The clip is plastic.I talked to Ankona awhile back and basically got--- yup it is a problem......

I am wondering if anyone has gone to the springs that are sold as hatch supports?


----------



## Recidivists (May 9, 2011)

Get yourself some QUALITY shocks from Bansbach at www.easylift.com.  Their North American office is in Melbourne.  Best shock I've ever used.  Powder coats or stainless are available.  Metal sockets and clips.

P.S.: I don't think the springs will cushion the closing, just the opening of the hatch. Any 316 stainless socket with wire clips will be better than the nylon ones. You can just purchase the socket assemblies from Bansbach.


----------



## topnative2 (Feb 22, 2009)

excellent thanks for the info.


----------



## topnative2 (Feb 22, 2009)

I am going to ck w/ the shock manu. about getting new ends or different one---- be cheaper-I hope!

http://www.ameritoolmfg.com/store.asp?pid=11645&catid=19738


----------



## topnative2 (Feb 22, 2009)

stainlees replacement part for the plastic end cap is
EFSS-10H
Lewis Marine-stuart
772.286.2118
around $4
;D


----------



## Recidivists (May 9, 2011)

Yeah baby!


----------



## DavidIvey (Nov 26, 2011)

Thread noted for when mine fail.


----------



## paint it black (Nov 3, 2007)

I need to find a way to add shocks to my Copperhead hatches.... One of the things I wish came on them...

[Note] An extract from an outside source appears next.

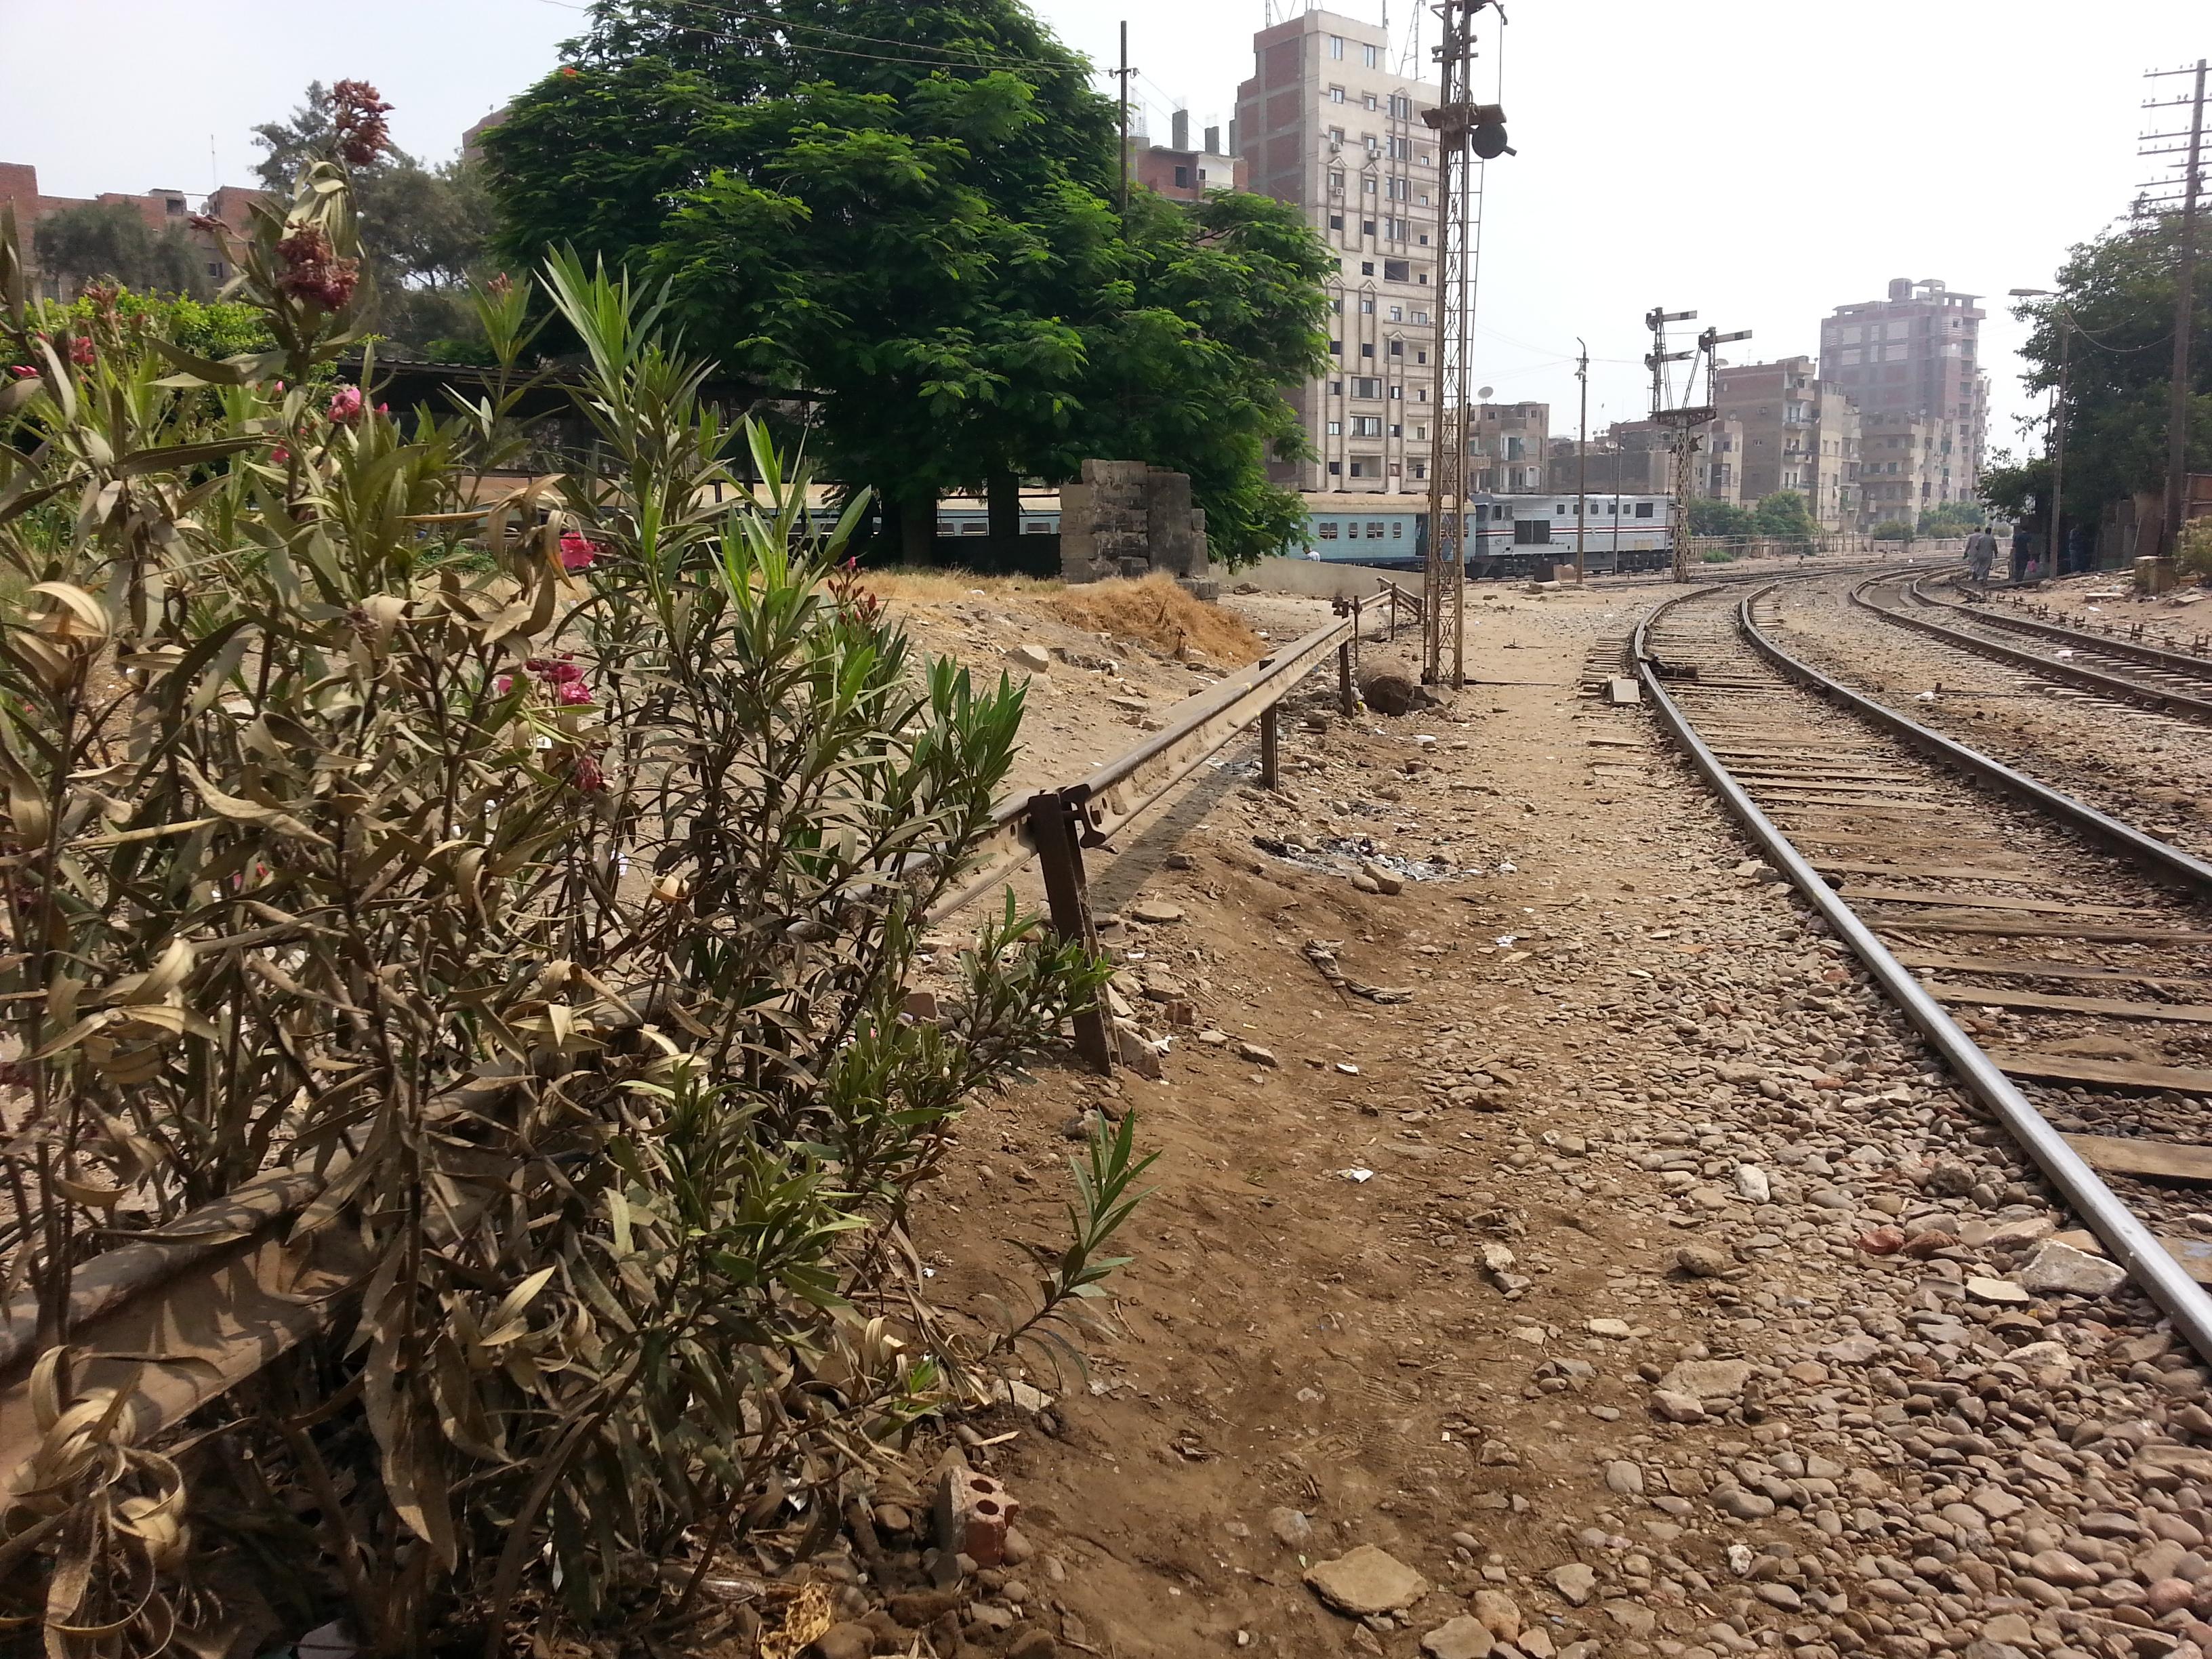 مواعيد قطارات الإسكندرية القاهرة تعرف على أماكن الوقوف لكل قطار

I know Mel didn't want to just drill through the hatch, like Maverick does on their skiffs...


----------



## topnative2 (Feb 22, 2009)

I just put on the replacement ss ends and they are outstanding--- much more in line w/ the quality of the SUV. I would suggest a liltle (dielectric) grease in the assembly. It is a simple ingenius system.
They look good to


----------



## topnative2 (Feb 22, 2009)

The new ends work great-no failures--totally secure.
I would just go ahead and replace the plastic ones and not worry about it --ever.


----------